Les éphores lui demandèrent à combien montait le nombre des complices. Les chefs, m’a encore répondu Cinadon, en comptent peu ; mais ils sont sûrs d’eux, ainsi que des hilotes, des néodamodes, des hypomiones et des périèces ; sitot qu’on parle d’un Spartiate aux hommes de ces différentes classes, ils ne peuvent cacher le plaisir qu’ils auraient à le manger tout vif. On lui demanda encore où ils comptaient prendre des armes. Cinadon lui avait dit que tous les conjurés en avaient ; ils l’avaient mené dans le quartier des forgerons, où il lui avait montré quantité de poignards, d’épées, de broches, de coignées, de haches et de faux pour la multitude. Cinadon mettait encore au nombre des armes, tous les instrumens des laboureurs, des maçons et des charpentiers ; les outils des autres artisans étaient aussi, selon lui, des armes suffisantes, surtout contre des gens désarmés. Quant au temps de l’exécution, il déclara qu’on lui avait commandé de se renfermer chez lui.

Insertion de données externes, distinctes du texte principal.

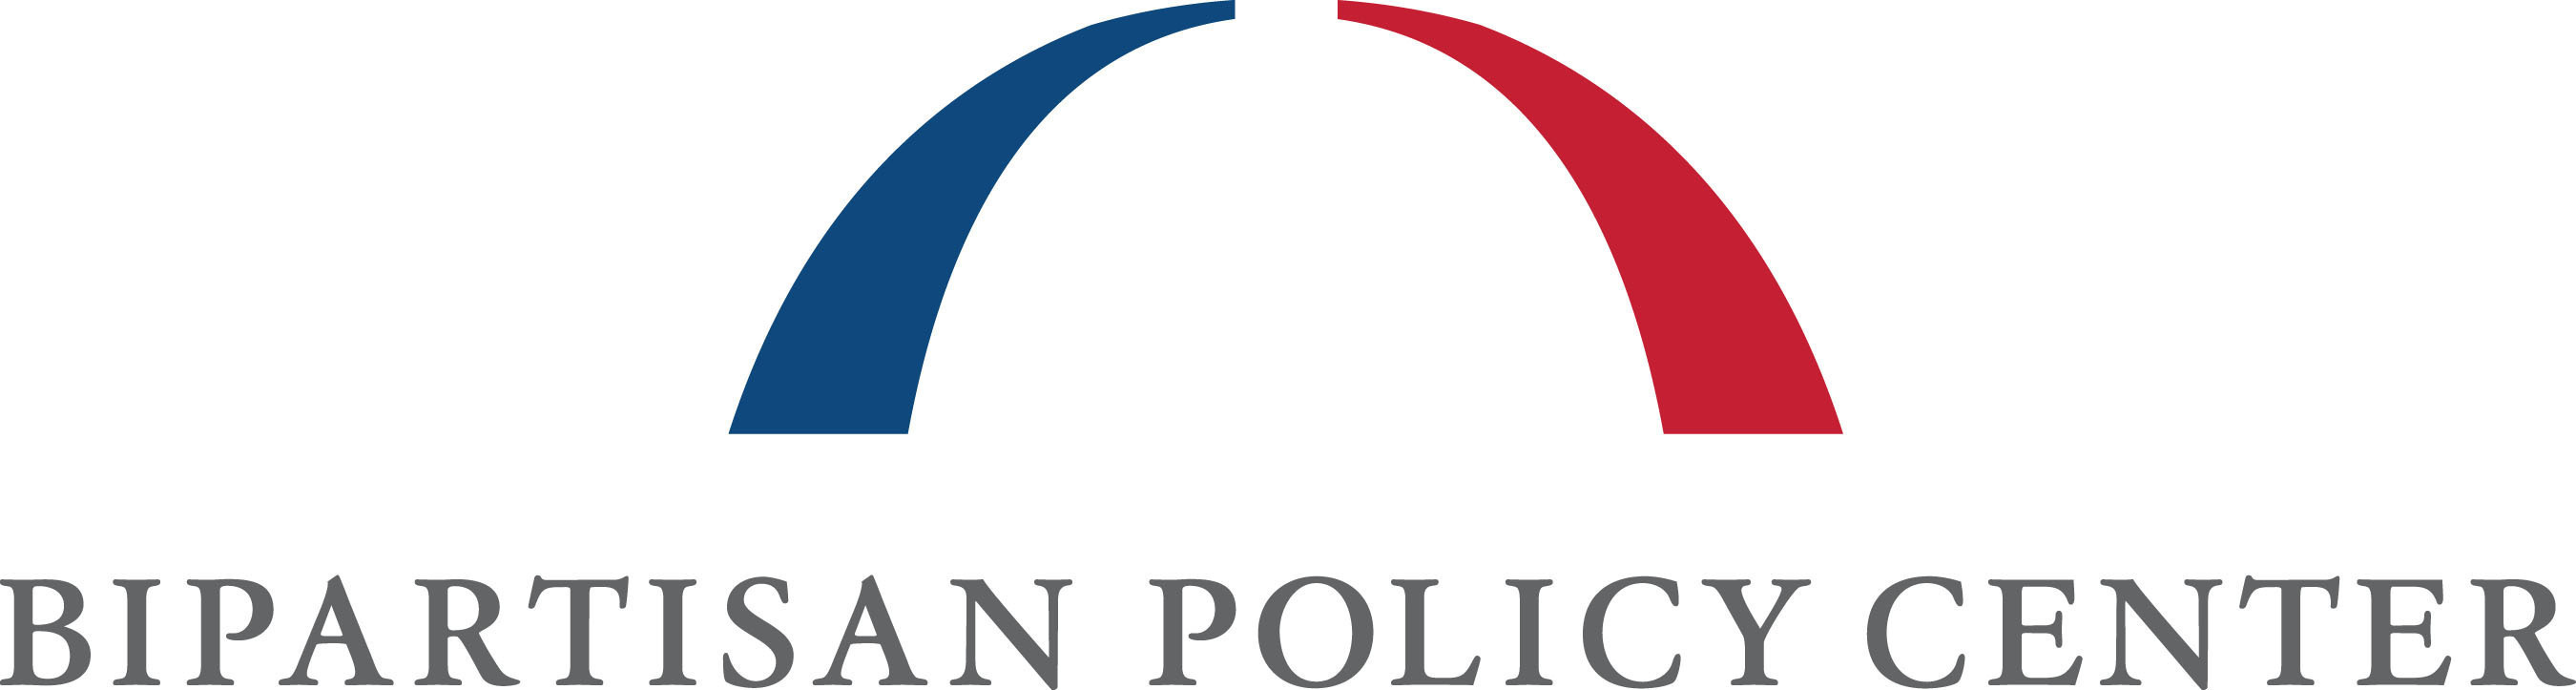 Bipartisan Policy Center Logo

Sur ce rapport, qui portait avec lui l’évidence, les éphores consternés ne convoquèrent même pas la petite assemblée. Les sénateurs réunis à la hâte, ils résolurent d’envoyer Cinadon avec quelques autres jeunes gens à Aulone, en le chargeant d’amener prisonniers des Aulonites et des hilotes, désignés dans la scytale. Ils lui ordonnèrent en même temps de leur emmener une Aulonite d’une beauté accomplie, débauchant les Spartiates, jeunes un vieux, qui la voyaient. Cinadon avait déjà rempli de semblables missions.

On lui remit la scytale où étaient écrits les noms de ceux qui devaient être faits prisonniers. Quels jeunes gens, leur dit Cinadon, emmènerai-je avec moi ? Allez, lui répondit-on, vers le plus ancien hippagrète ; qu’il vous adjoigne six ou sept de ceux qui se trouveront présens. Ils avaient pris toutes les mesures pour que l’hippagrète sût quels hommes il devait lui donner, et que ces envoyés, de leur côté, n’ignorassent pas qu’il fallait saisir Cinadon. On dit encore à Cinadon qu’on lui enverrait trois chariots, pour lui épargner la peine d’amener à pied les prisonniers : le plus qu’il fut possible, on couvrit du voile du mystère des préparatifs dont il était l’unique objet. Ils ne l’arrêtaient pas dans la ville, parce qu’ils ne connaissaient pas encore la conjuration dans toute son étendue : ils voulaient savoir de Cinadon les noms de ses associés avant qu’ils sussent qu’ils étaient découverts, pour empêcher leur fuite. Ceux qu’on chargeait de l’arrêter devaient le garder, et quand ils auraient su de lui les noms des complices, les adresser au plus tôt aux éphores. Les éphores conduisirent cette affaire avec tant d’intelligence qu’ils envoyèrent une compagnie de cavalerie à la suite de celle qui faisait le voyage d’Aulone.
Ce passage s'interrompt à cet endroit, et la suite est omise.